Give up your endless searching
Lay down your map and compass,
and those dog-eared travel guides.
Rest your weary eyes from so much looking,
your tired feet from so much wandering,
your aching heart from so much hoping.
Lay down on the soft green grass
wet with morning dew, and watch as
the tree heavy with pendulous pears
bends her long branches toward you,
offering you perfection in every sweet bite.
Give up the weight of knowing,
for the reverence of quiet attention
and curiosity, for the delight of
juice that runs in generous streams
down your chin.
—Christine Valters Paintner
Dearest Monks and Artists,
July 6th marked a year since John and I stepped onto an ocean liner to cross the Atlantic on our life pilgrimage. We chose this slow crossing intentionally, as a symbol of how we wanted to live this time. One of the things I have loved most about living first in Vienna and now in Galway, has been the slower pace of life in general in Europe, something that nourishes my monk heart. I spent some time last week reading through my journals of this past year, which was a beautiful way to honor and witness the transitions of this time and the wisdom gleaned.
When we left, people would ask how long we would be gone. “Somewhere between a year and forever” became my reply, not knowing how things would unfold. After our first year, we are in no rush to return anytime soon.
Again and again, throughout our time of bumping up against foreign customs and challenging our preconceived ideas, the wisdom offered has been to release the seeking. This time of living overseas is not a grand quest, but an invitation to a deepened way of being in the world. I am not here to discover something missing from my life, but to recognize the fullness of things as they already are.
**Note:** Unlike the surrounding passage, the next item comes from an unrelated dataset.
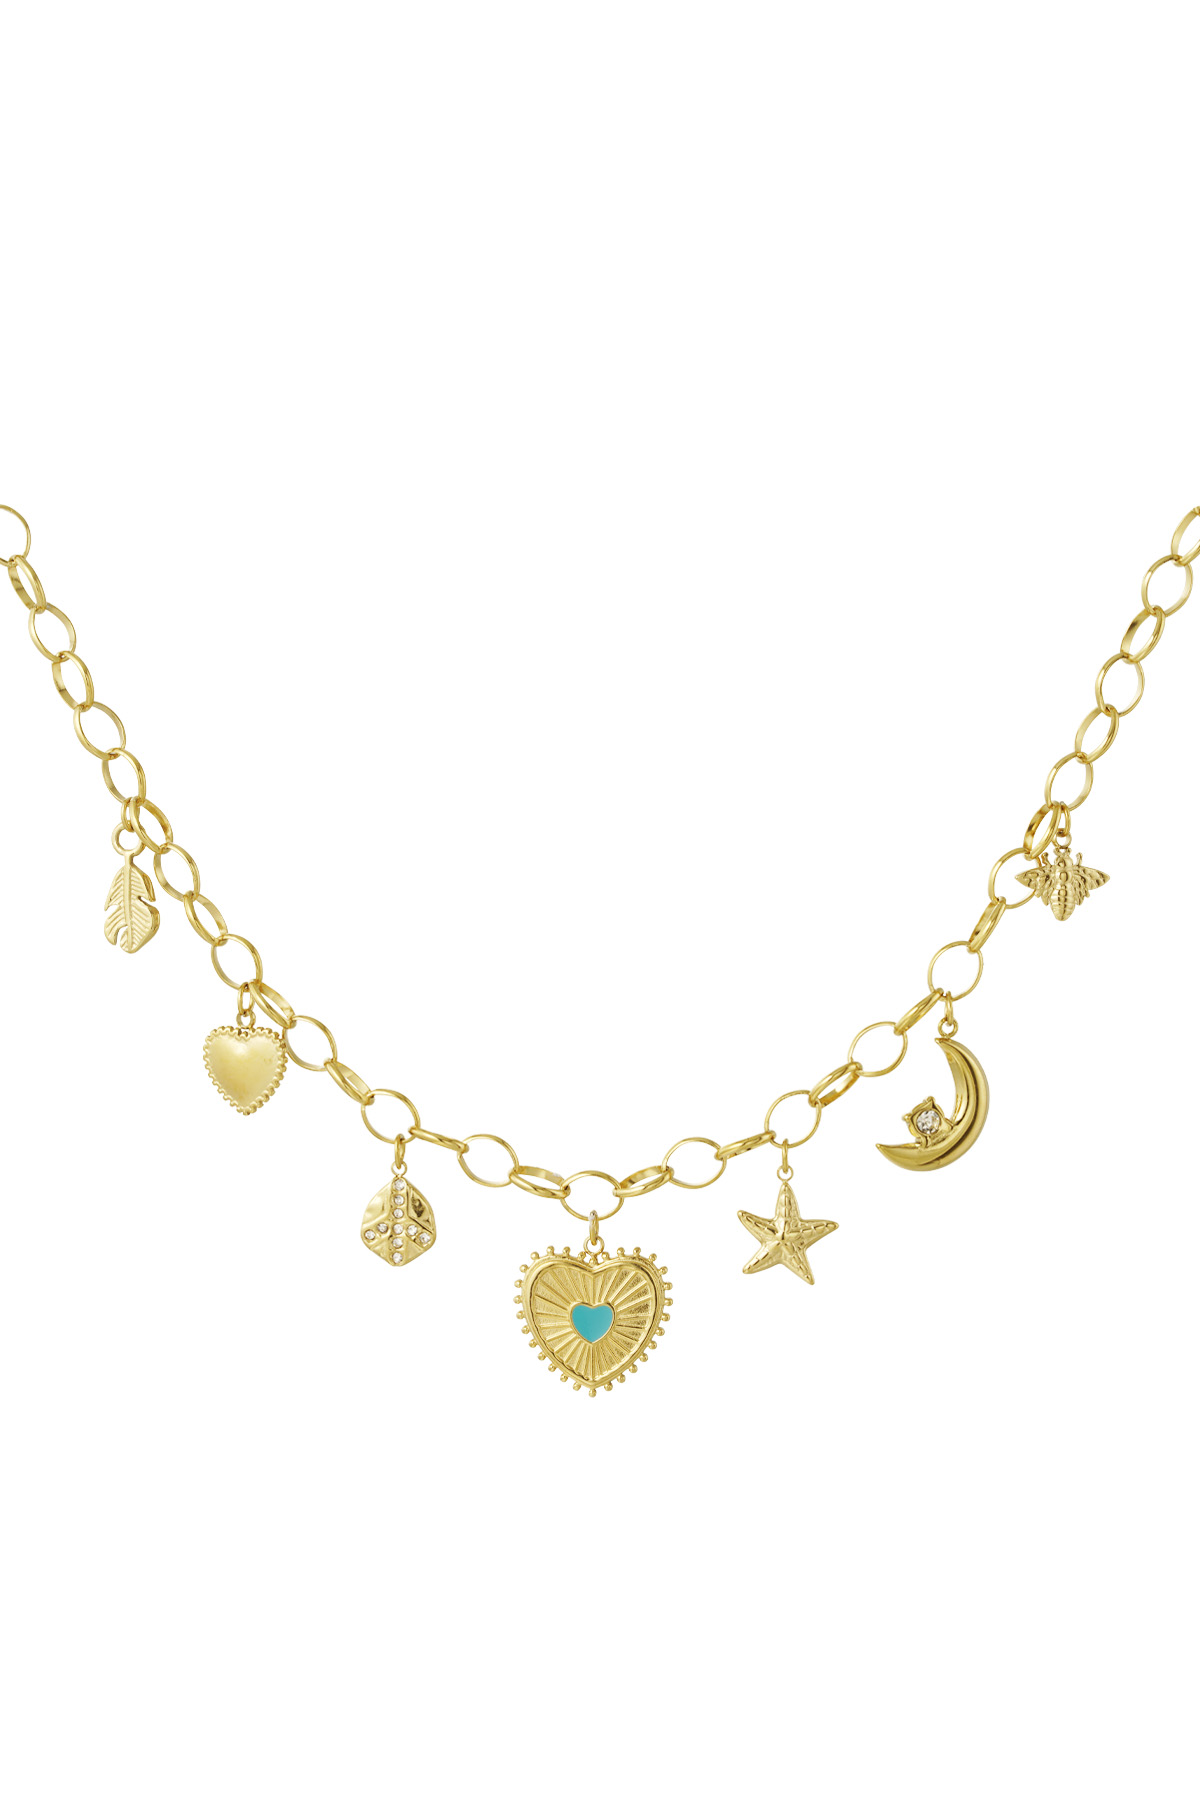 Sunny love charm necklace - gold  h5

I went on a retreat in Austria last August, near the start of this adventure and the gift I received was these words: “Drink freely from the life you have been given.” Every revelation has followed from this initial one.
For many years, work with ancestry and family systems has been an essential spiritual practice for me, bringing more inner freedom than I ever could have imagined. It was at the heart of the call to move to Vienna, where I experienced so much healing in relationship to my father. I was able to break the patterns of withholding and cycles of despair that extend back for generations in my family. I came to receive my father’s blessing and the blessing of grandmothers and grandfathers. Vienna, it turned out, was a portal rather than final destination.
We should only go on pilgrimage if we want to be changed. If we are not changed, we have simply embarked on a vacation, demanding nothing of us. We do not return the same. The challenge is that we can not know the ways we will be changed, which can be terrifying if we like life to be predictable and in our control. We do not know ultimately what it is we are looking for, so we must lay down even the seeking, and let the journey itself shape us.
“The monk is not just someone who wishes to be a monk. It requires a breakthrough, an initiation, a diksa, a new birth.” —Raimundo Panikkar
My word for this year is “breakthrough” and I am discovering that rather than the thunderous revelation the word might suggest, I am experiencing a slow and quiet revolution where this monk’s path of yielding is taking firmer root in my heart. Exploring the beauty of Ireland’s landscapes and ancient monastic ruins feels like a kind of initiation into something I am yet unable to name. I am experiencing a new clarity of my call in this world, and the paradox is that I do not have words for it.
Conversion is one of the great Benedictine principles. The commitment daily to practice the path demands of us great courage, to have faith in what is unseen, to yield to a greater force in lives than our own sheer will. To know the discipline of showing up to life matters, and the recognition that I have never arrived. To be a monk in the world is to allow this great “quest” I am on to reveal that there is no “quest” at all, only a great softening, following the threads, being formed slowly by the landscape, trusting what it is I most love, and releasing the burden of whether I am worthy to say yes, yes, yes.
How is it with you on your own great life pilgrimage?
Have you laid down the quest in favor of the quiet revelations waiting for you, right in this moment?
With great and growing love,
Christine
One Response
Your poem above is so beautiful, Christine. What you say in the poem is especially helpful (and also ironic) as I begin to cultivate a career that centers around pilgrimage – it’s a much needed reminder to settle into and receive the unknown gifts and wisdom of the present journey, both in my work and in life.